How to Lower Cortisol With Supplements: A Runner's Guide
You logged the miles. You hit the intervals. You did the work nobody saw.
But if you're waking up exhausted, your belly is getting softer even as you train harder, and sleep is a war you're losing — cortisol might be the reason. And it's not just stress in the abstract sense. For runners, chronically elevated cortisol is a performance problem with a measurable cost: slower recovery, muscle loss, disrupted sleep, and fat storage right where you don't want it.
The good news? There are evidence-backed supplements that can help bring things back into balance. But supplements don't fix a broken foundation. Let's start there.
What Cortisol Actually Does (and When It Becomes a Problem)
Cortisol is a steroid hormone produced by your adrenal glands. It's not the enemy. You need it. It drives the morning energy spike that gets you out the door for a 5 AM run. It mobilizes fuel during hard efforts. It manages inflammation and regulates blood sugar. Without it, you'd be flat and broken before mile one.
The problem is chronic elevation — when cortisol stays high, not because your body needs it, but because it's stuck in an alarm state it can't turn off.
Your body runs cortisol on a circadian schedule. It peaks in the morning, drops steadily through the day, and bottoms out at night so your nervous system can shift into repair mode. When that rhythm gets disrupted — by under-recovery, over-training, poor sleep, or relentless daily stress — the whole system starts misfiring.

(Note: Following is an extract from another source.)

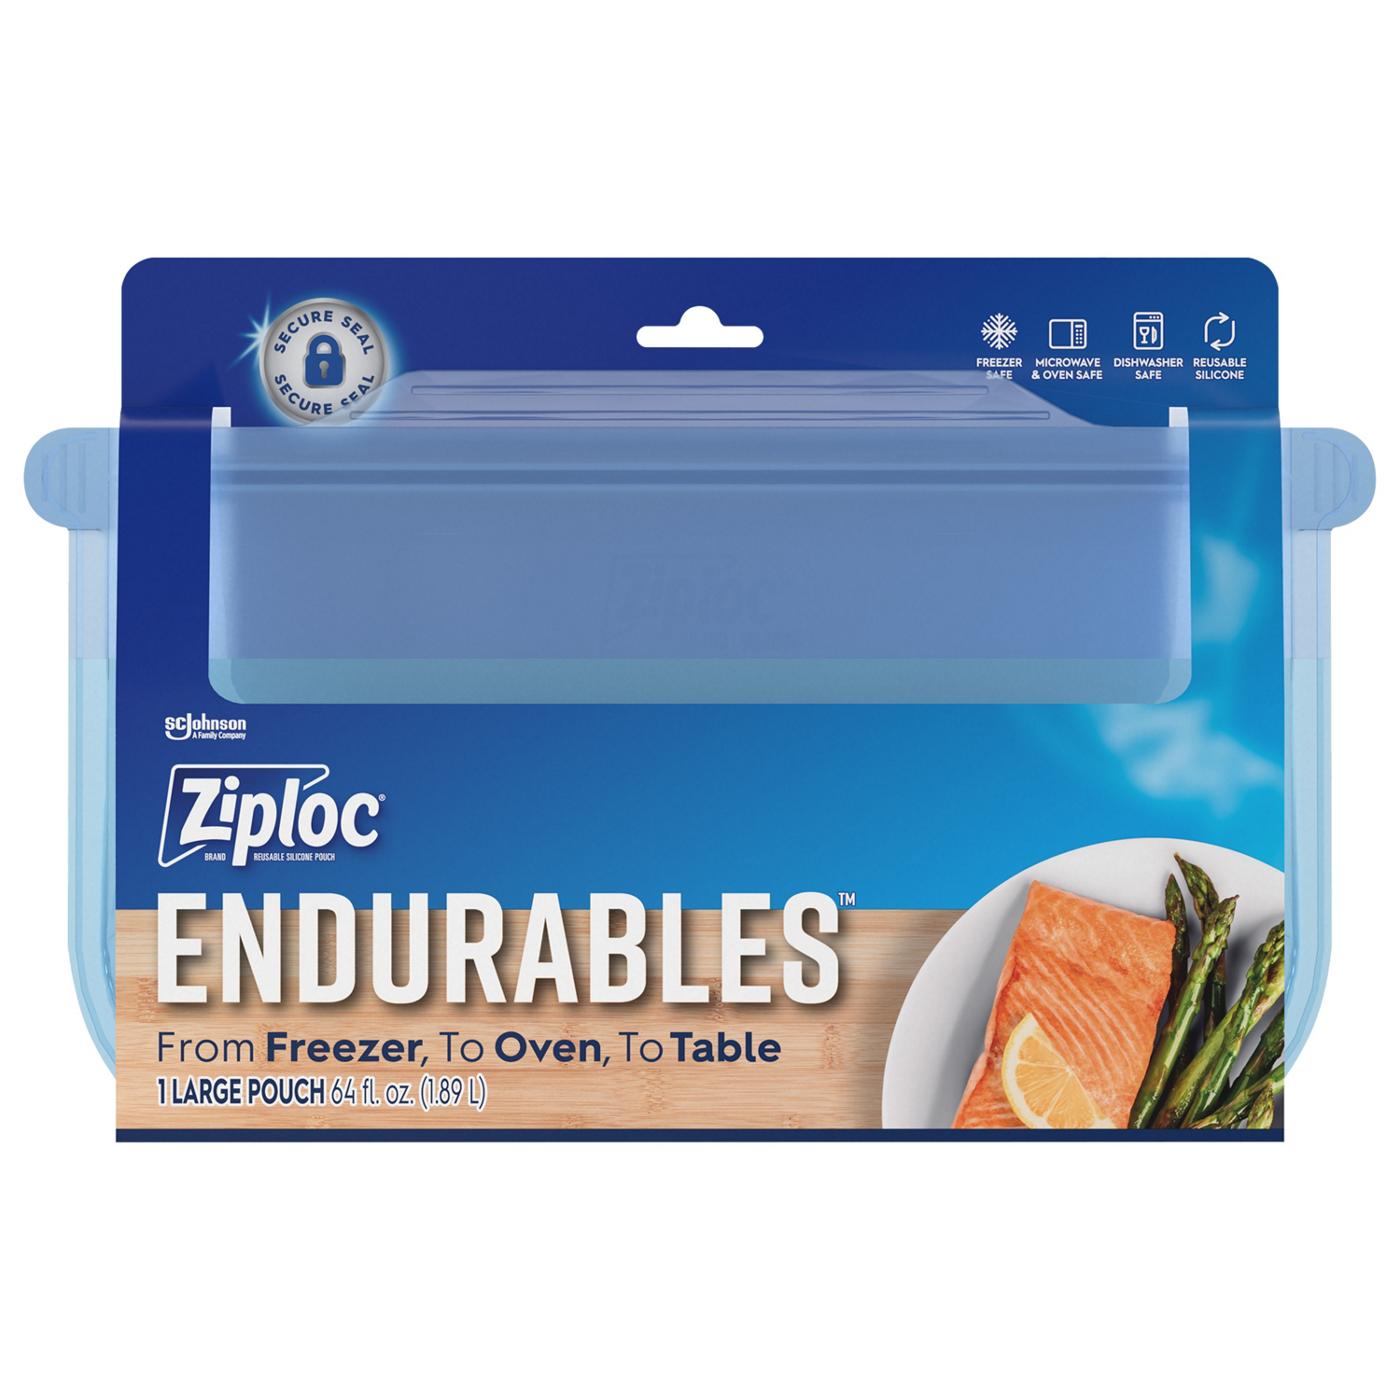 Ziploc Ziploc Endurables Pouch, Large Reusable Silicone Food Storage Bag, 64 fl oz; image 1 of 4

Runners are particularly exposed. High training loads are a legitimate stressor. Combine that with life demands, poor sleep hygiene, and inconsistent nutrition, and your body can't tell the difference between a hard tempo run and a genuine threat. The cortisol tap stays open.
What Chronic Cortisol Elevation Looks Like in Runners
- You finish a run but feel worse, not better
- Morning fatigue even after a full night of sleep
- Stubborn belly fat despite consistent training and clean eating
- Cravings for sugar and high-carb foods, especially at night
- Slower muscle recovery between sessions
- Mood swings, irritability, and trouble focusing
- You feel wired at 10 PM and crushed at 6 AM
If that list hits a little too close to home, keep reading.
The Lifestyle Foundation — Get This Right First
No supplement fixes what lifestyle breaks. Before you look at any pill or powder, audit these four things.
Sleep: The Recovery You're Probably Shortchanging
Sleep is when cortisol is supposed to bottom out. It's when your muscles rebuild, your nervous system resets, and your body clears the metabolic debris from the day's training. Research shows that even moderate sleep restriction raises cortisol in the late afternoon and evening — the exact opposite of what you need.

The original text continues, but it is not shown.